Within this study, we described a new method for taphonomic assessment of microfossils using a quadrat template on image mosaics. Despite some issues regarding sample size and the limitations of a fixed focal plane, the image mosaics provided a more holistic view of the relationship of microfossils to overall mat morphologies. Image mosaics could also provide a template, or base map, for investigation of in situ geochemical preservation with taphonomic variation inherent to microbial mats. Such a use has far-reaching implications for improving our understanding of microfossil preservation in ancient samples, which is crucial for understanding early ecosystems and potential astrobiological targets.

Author Contributions

L.C.K. and A.R.M.-B. conceptualized this project, and A.R.M.-B. developed the pathway for project completion, including the taphonomic grading scheme, which reflected her earlier experiences with actualistic taphonomy. K.H.W. proposed the use of image mosaics for taphonomic assessment and aided in the creation of mosaics with equipment and software belonging to the Astrobiogeochemistry lab.
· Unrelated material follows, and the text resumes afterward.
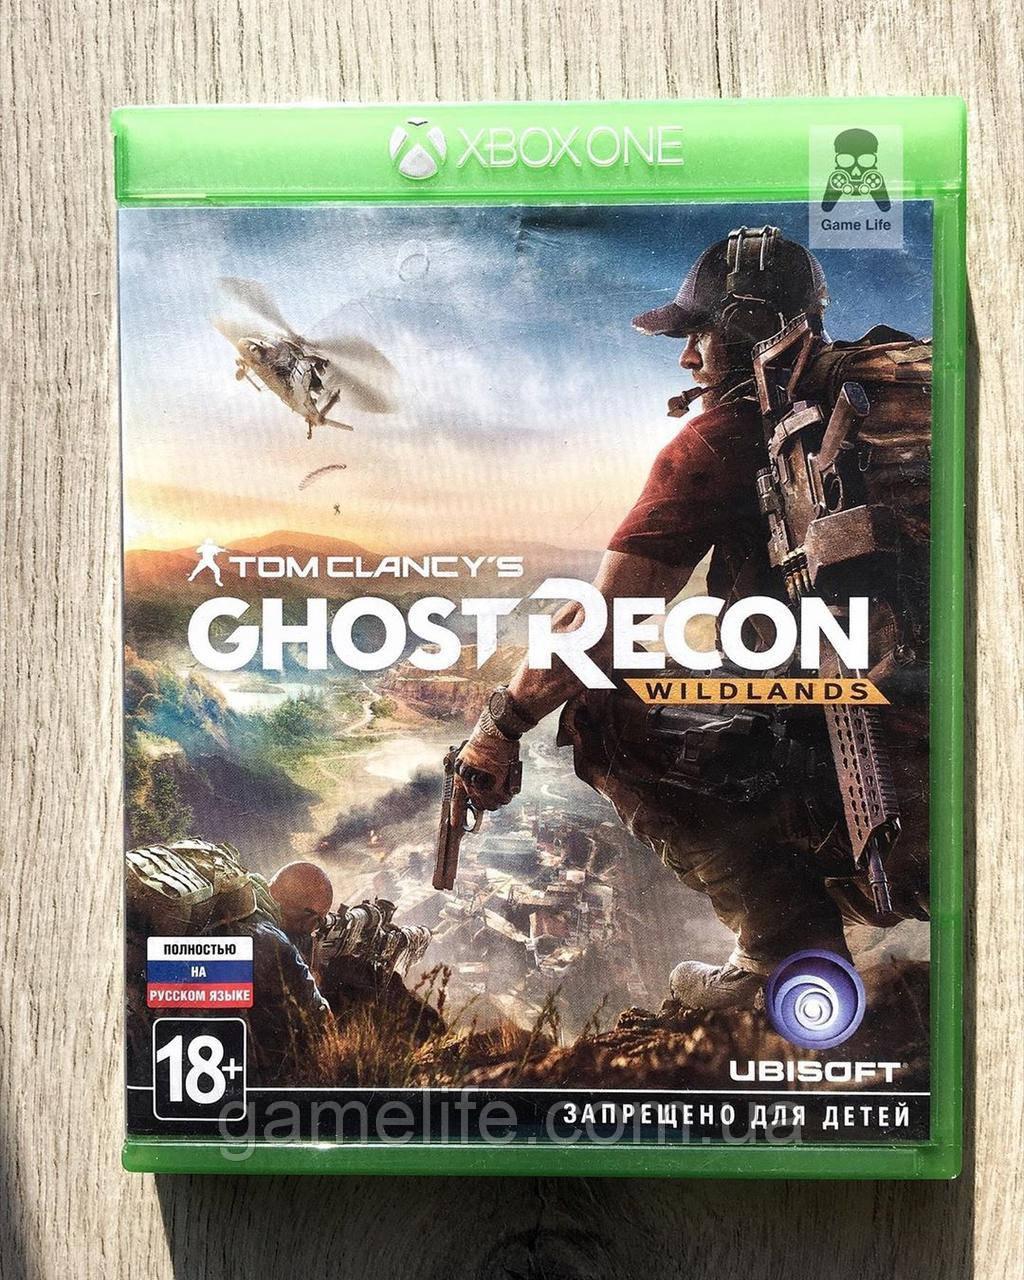 Tom Clancy's Ghost Recon Wildlands (рус.) (б/у) Xbox One
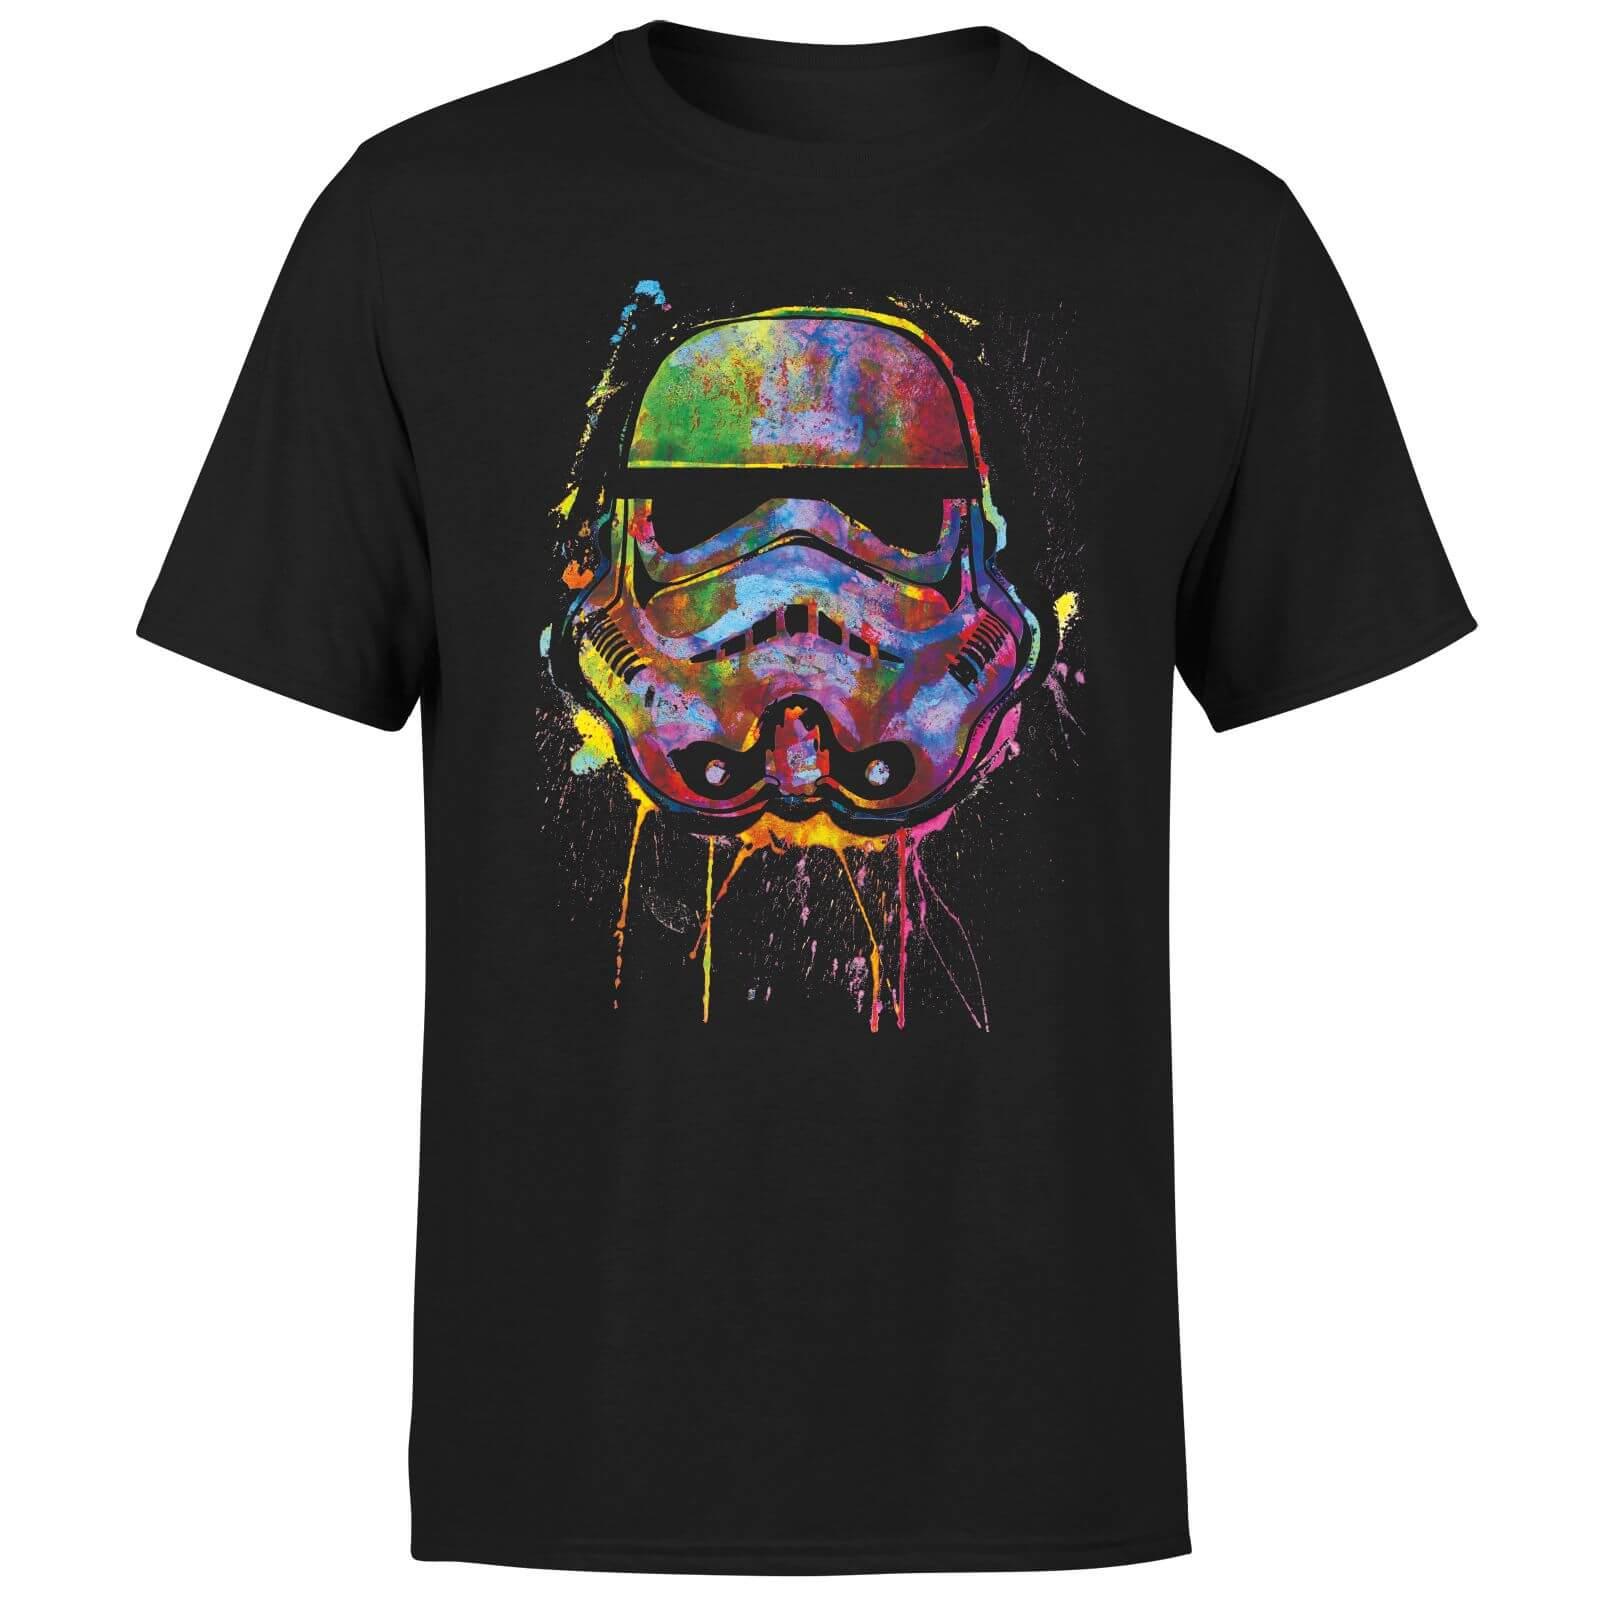 Star Wars Stormtrooper Splat T-Shirt (100% Baumwolle) | Pullover ab 18,99€

The application of the quadrat sampling methodology for the image mosaics was developed by R.S.W. All of the Raman data was collected and analyzed with the help of instrumentation in Andrew Czaja’s lab at the University of Cincinnati. The original draft of this manuscript was prepared by A.R.M.-B. as part of her Ph.D. dissertation. L.C.K., A.D.C., R.S.W. and K.H.W. reviewed and edited the manuscript. Samples from field seasons in 1993 and 1994 were provided by L.C.K. (field seasons funded by the National Geographic Society Committee for Research and Exploration).

Funding

Funding for this project was provided by a series of small grants to Ashley Manning-Berg from the Paleontological Society, the Society for Sedimentary Geology, The Society for Organic Petrology, and the Southeastern Section of the Geological Society of America. Image mosaics were completed at the Jet Propulsion Laboratory, California Institute of Technology, under a grant from the National Aeronautics and Space Administration.

Conflicts of Interest

The authors declare no conflict of interest. The funders had no role in the design of the study; in the collection, analyses, or interpretation of data; in the writing of the manuscript, or in the decision to publish the results.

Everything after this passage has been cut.